When present, the bipodal aminosilane may represent about one-third
the weight of the alkyl silicate present in the third
component.
[0011] In some embodiments, at least one of the first two binder
components may further comprise an amount of hydrofluoric acid.
[0012] Some embodiments of the inventive concept will be provided
by a molding material mixture that comprises a refractory mold base
material and an appropriate amount of the organic binder system for
producing a mold suitable for sand casting of a molten metal.
DETAILED DESCRIPTION OF THE PREFERRED EMBODIMENTS
[0013] A solution to these mold performance problems has apparently
been found in a binder composition that uses a three-component
approach to provide a polyurethane cold box (PUCB) binder system.
In such a system, the Part I component comprises a polyol base
resin and a set of suitable complements, the Part II component
comprises a polyisocyanate accompanied by a set of suitable
complements and the Part III component comprises an alkyl silicate
compound, such as tetraethyl ortho silicate (TEOS), alkyl silicate
oligomers and, optionally, a bipodal aminosilane.
[0014] TEOS, which is also referred to as tetraethoxysilane, is
also identified by the GAS Registry Number 78-10-4. Structurally,
it has four ethyl groups that are attached to the oxygen atoms in
an orthosilicate nucleus.
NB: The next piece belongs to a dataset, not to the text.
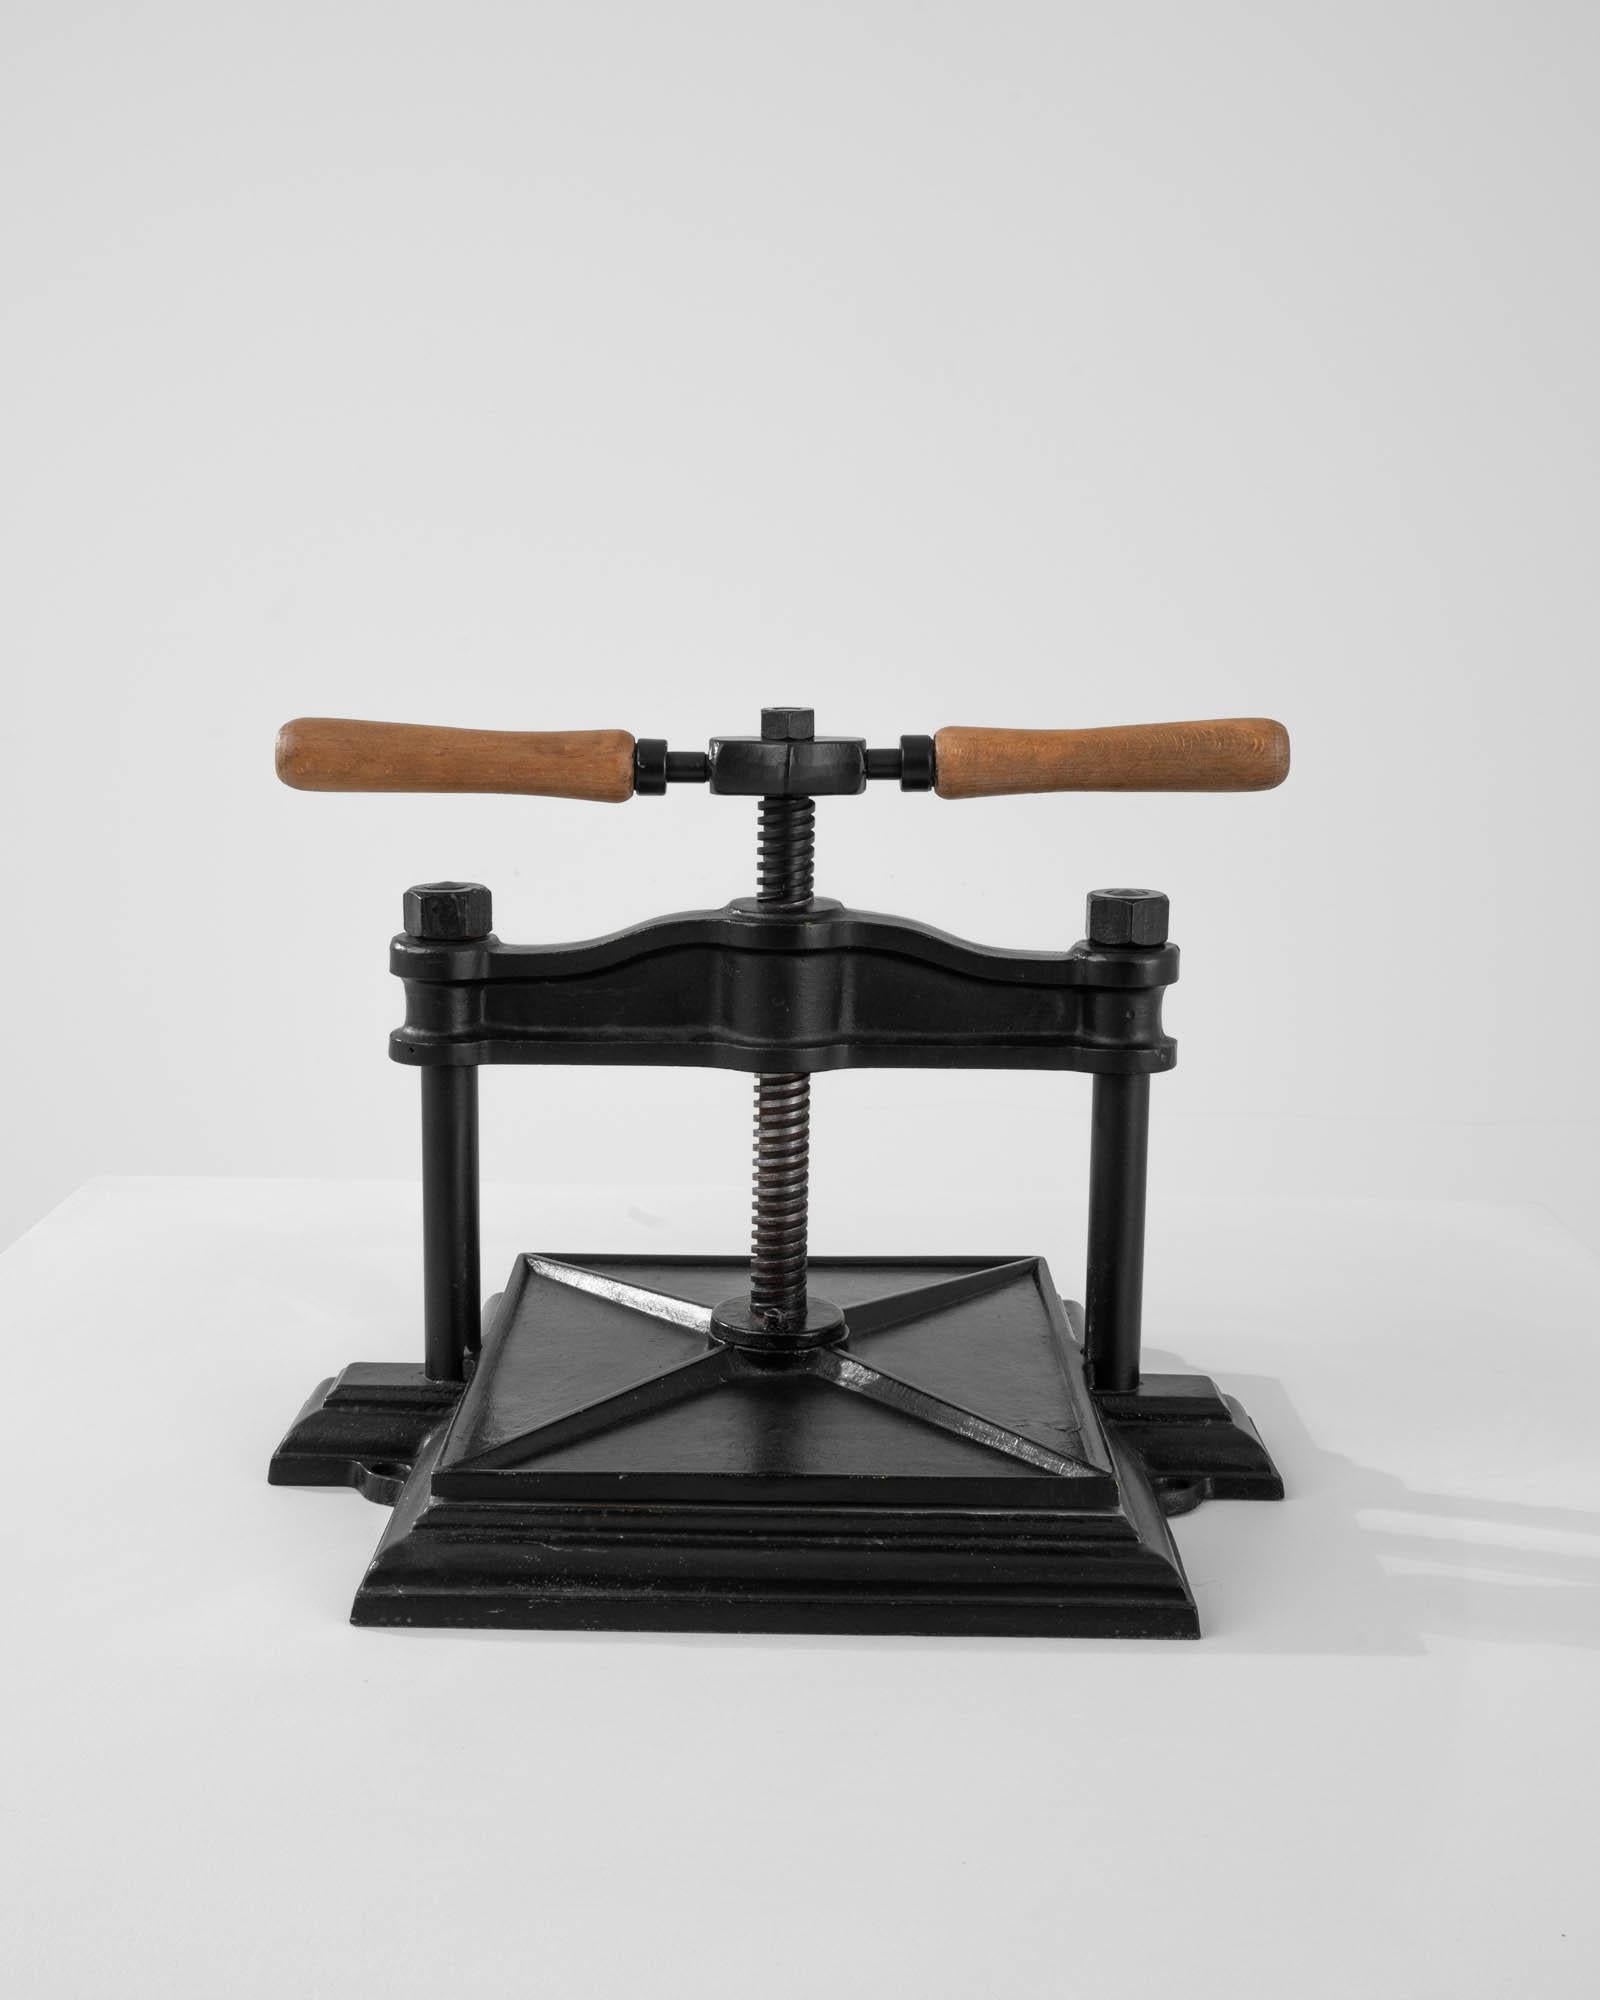 A cast iron press from 20th Century Belgium. Originally purposed as a book-binding press used in such places as banks or libraries, this unique antiquity suggests a niche function, while providing a universal visual appeal. This press features a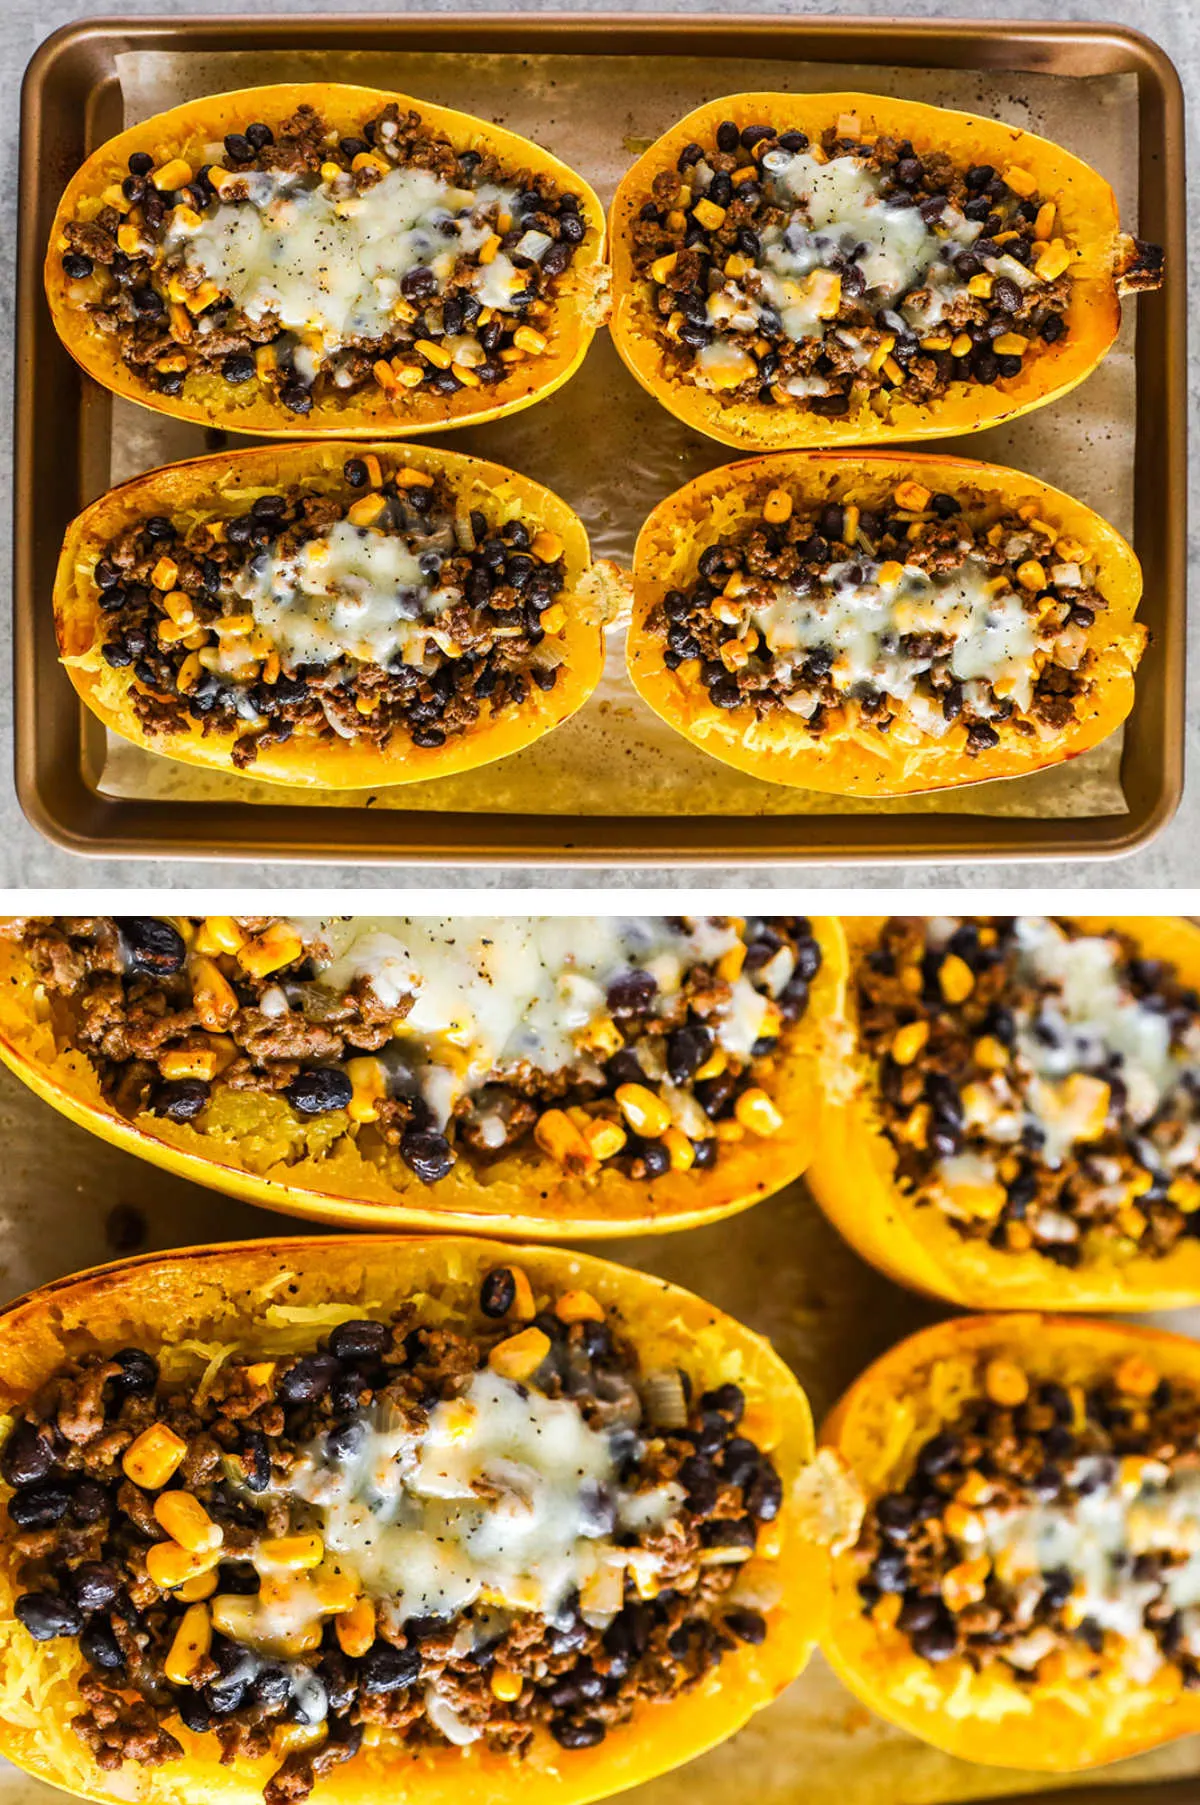 Two overhead images in one: 1. Four squash halves with white cheese baked into ingredients. 2. Closeup of finished squash halves with baked cheese and browned corn, beef and black beans.

TEOS is commercially available at 99.999%
purity from Sigma-Aldrich and other sources.
[0015] Bipodal aminosilanes are characterized by a general
structure
(R.sup.1O).sub.3--Si--R.sup.2--NH--R.sup.2--Si(OR.sup.1).sub.3
where R.sup.1 is an alkyl group, including methyl, ethyl or propyl,
as well as mixtures thereof. R.sup.2 is an alkylene linkage,
including propylene, butylene, pentylene, as well as mixtures
thereof. An example of an appropriate bipodal aminosilane is
bis(trimethoxysilylpropyl)amine, which is commercially available
from Evonik Industries under the designation DYNASYLAN 1124.
[0016] In an example of a binder system that is provided as three
separate components and that is catalytically curable upon mixing,
the first component comprises: a polyol, such as a phenolic resin
having, at a minimum, two --OH groups per molecule; at least one
solvent and a fluorinated acid. The second component comprises: a
polyisocyanate having, at a minimum, two isocyanate groups per
molecule; a solvent and, optionally, a fluorinated acid. The third
component comprises an alkyl silicate component, selected from the
group consisting of: alkyl silicates, alkyl silicate oligomers and
mixtures thereof, and, optionally, a bipodal aminosilane.
[0017] The phenolic resin and the polyisocyanate can be selected
from the group consisting of the compounds conventionally known to
be used in the cold-box process or the no-bake process, as the
inventive concept is not believed to inhere in these portions of
the composition.
[0018] Referring more particularly to the phenolic resin, it is
generally selected from a condensation product of a phenol with an
aldehyde, especially an aldehyde of the formula RCHO, where R is
hydrogen or an alkyl moiety having from 1 to 8 carbon atoms. The
condensation reaction is carried out in the liquid phase, typically
at a temperature below 130 degrees C. A number of such phenolic
resins are commercially available and will be readily known.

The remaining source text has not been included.